I would take measurement a step further. Peter Drucker, management guru, is often credited with saying “You can't manage what you don't measure.” This is a broad statement, to be sure, but you’d be surprised how many in-plant managers don’t measure anything. When I do an in-plant assessment, I ask to see copies of production reports and planning documents. The production reports tell me how the manager uses data to track production and performance and the types of information s/he passes on to management. The planning documents show how the measures are used—that is, how the manager manages.
As managers we should use metrics to support every major decision (and most minor ones as well). Need to justify a new machine?
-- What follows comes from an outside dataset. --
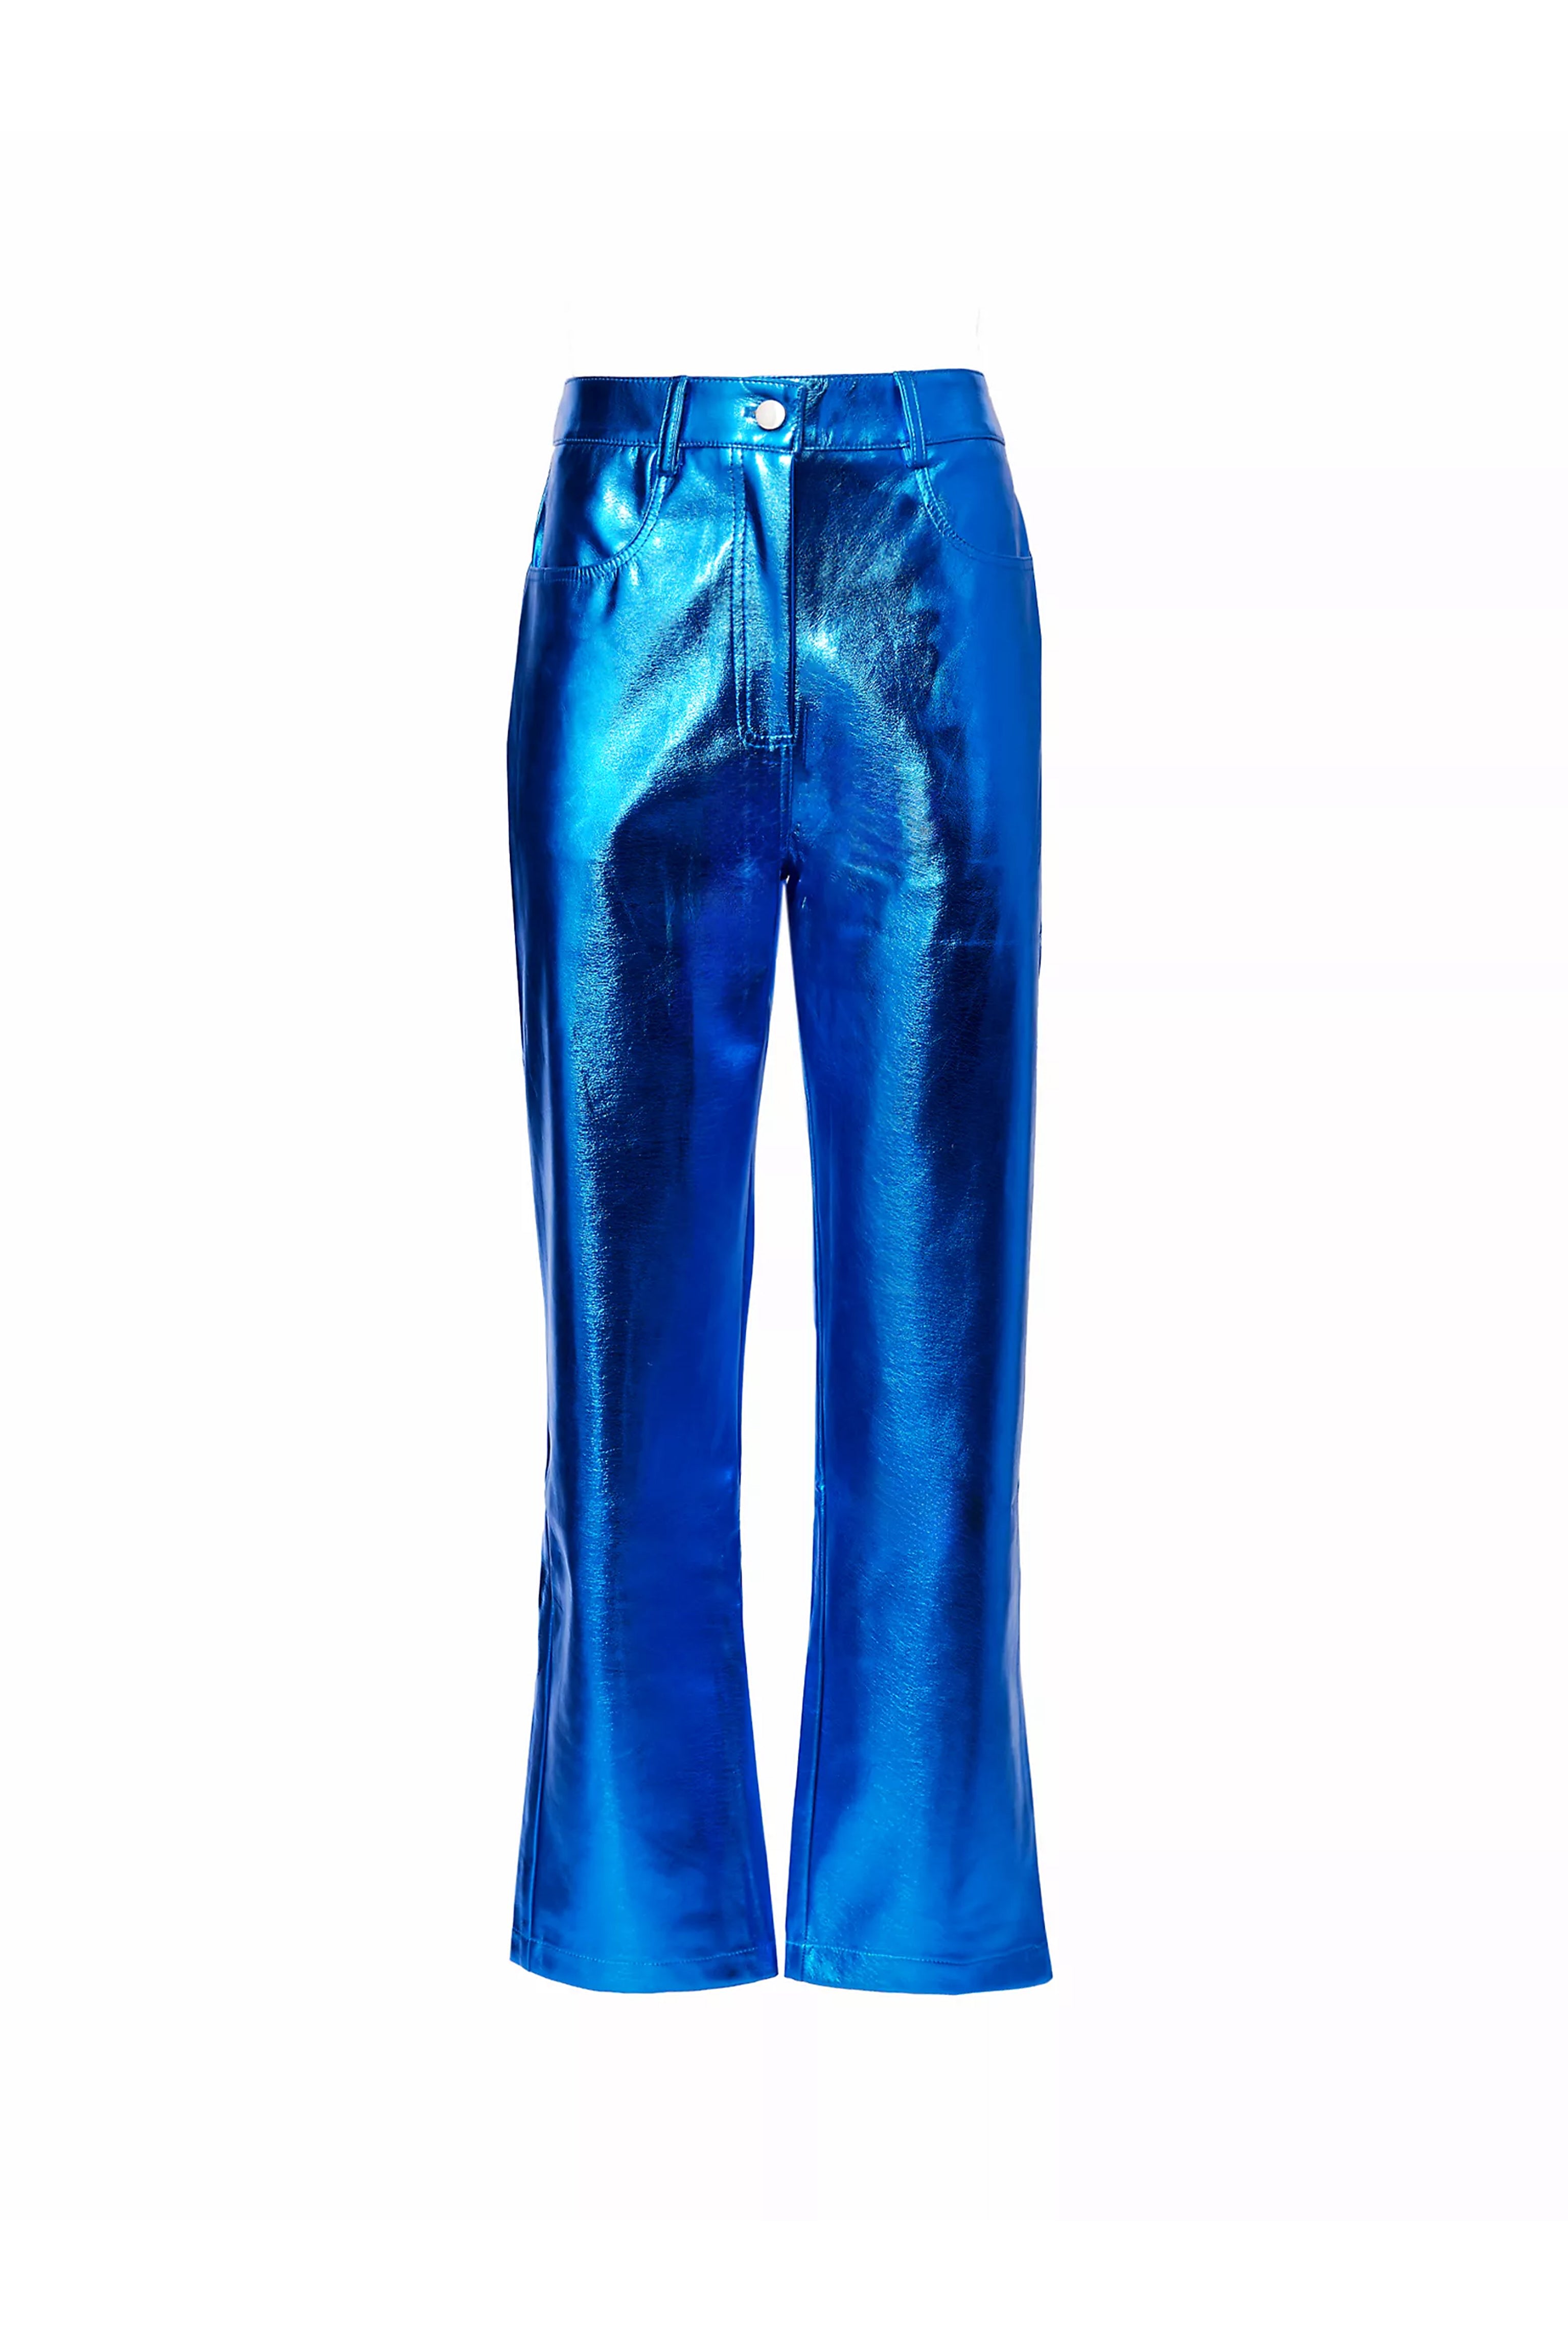 Amy Lynn Women's Lupe Cobalt Blue Leather Metallic Trousers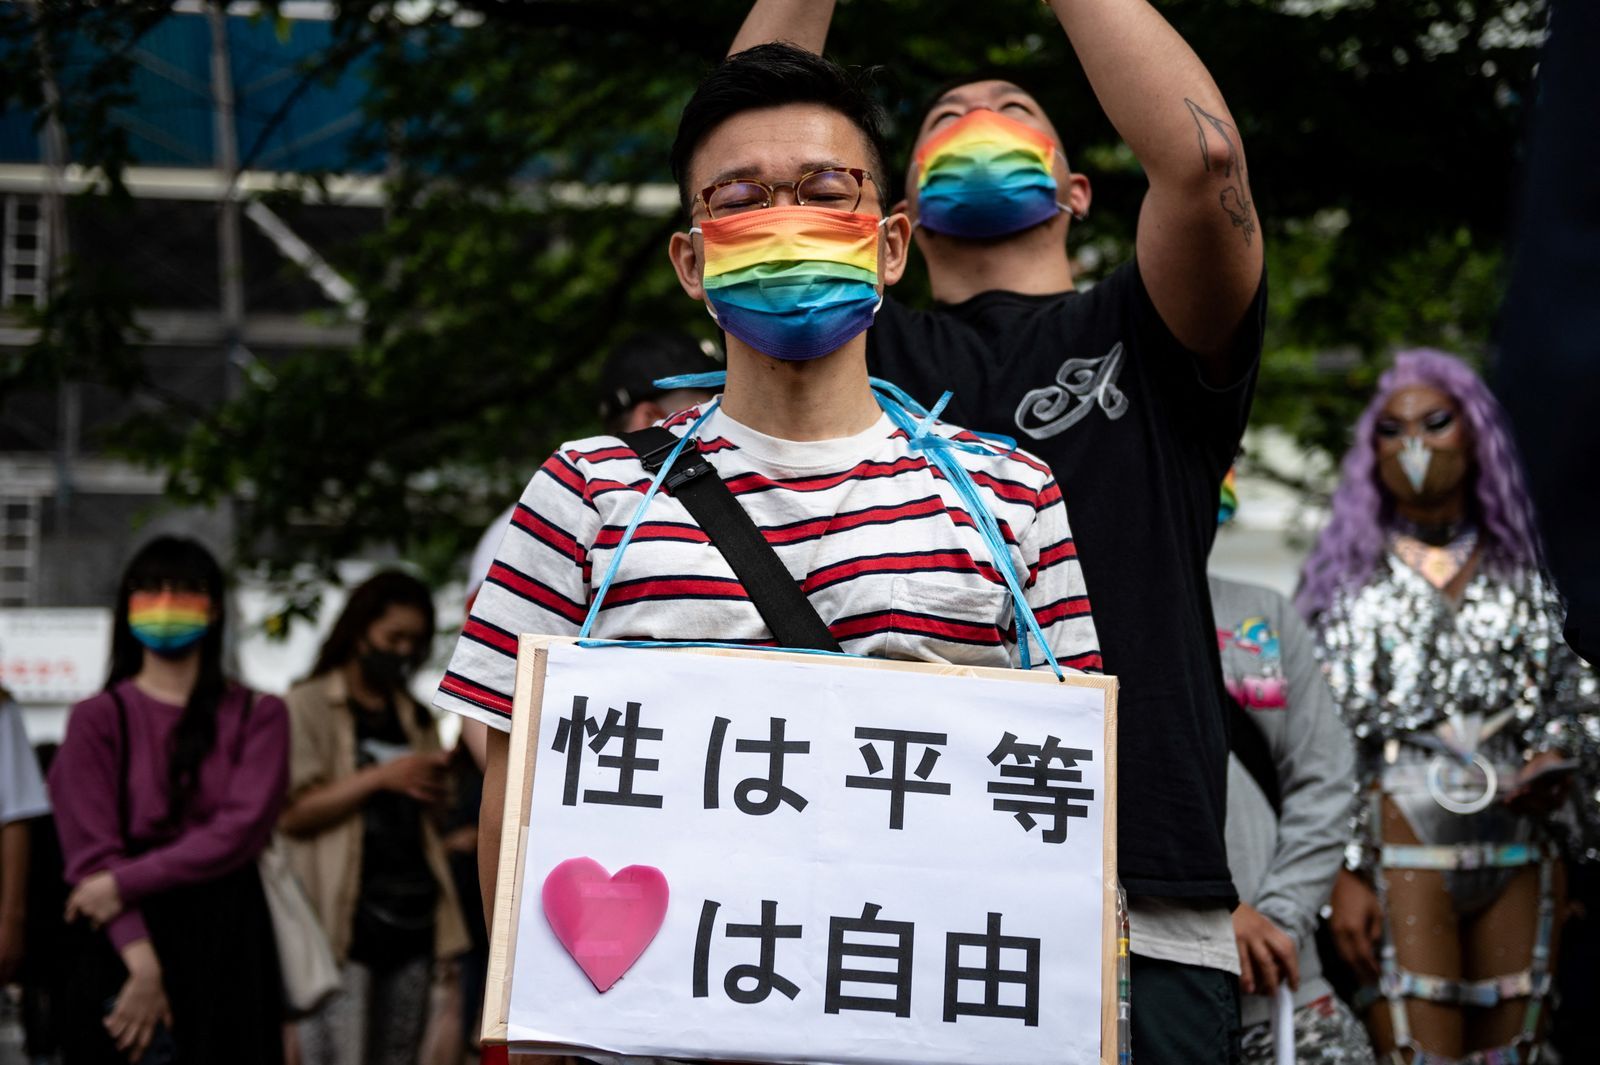 AFP - ญี่ปุ่น ประท้วง LGBT ความหลากหลายทางเพศ

Evaluate the performance of a machine operator? Submit a budget request? Plan your paper inventory? Justify your operation? Understand what your customers think of you and your department? Report on successes and failures? Everything can and should be measured, and those measures should be the foundation of your decisions.
Sounds pretty straightforward, but I continue to be amazed at the number of in-plant managers that don’t count stuff. Very, very few of the shops I work with measure anything, and those that do, don’t cover some of the important areas.
In one case I worked with a client that wanted to buy an envelope press and had even included it in his budget. The only problem? He didn’t know how many envelopes his organization needed. How can you argue for a piece of equipment if you can’t articulate the demand?
In another case the organization had installed a large digital production device capable of producing 2 to 3 million pages, but when I asked to see the production reports for the machines that had been replaced by this monster, there were none. Turns out they were only producing a fraction of the machine’s capacity, so it’s going to be hard for this shop to compete with commercial shops. When customers complain about prices being too high, they may be right.
Metrics are important.
• They flag problems
• They provide tools to recognize success
• They are tools to control and manage costs
• They help focus on goal-directed performance
• They demonstrate contributions to strategic initiatives
• They demonstrate added value
Do you know how many jobs are in your shop right now? Do you know how many of them are late? Do you know the status of your budget? Do you know how many booklets you produced last year? How about full-color brochures? Do you know how much work you’re doing on your digital color machine? How many jobs were re-run because of quality issues? Do you know how many jobs went to outside vendors?
If we look at the functions of management—planning, controlling, staffing, organizing, and training—every one of them has one or more metrics that can help you manage more effectively. But it’s up to you to use them.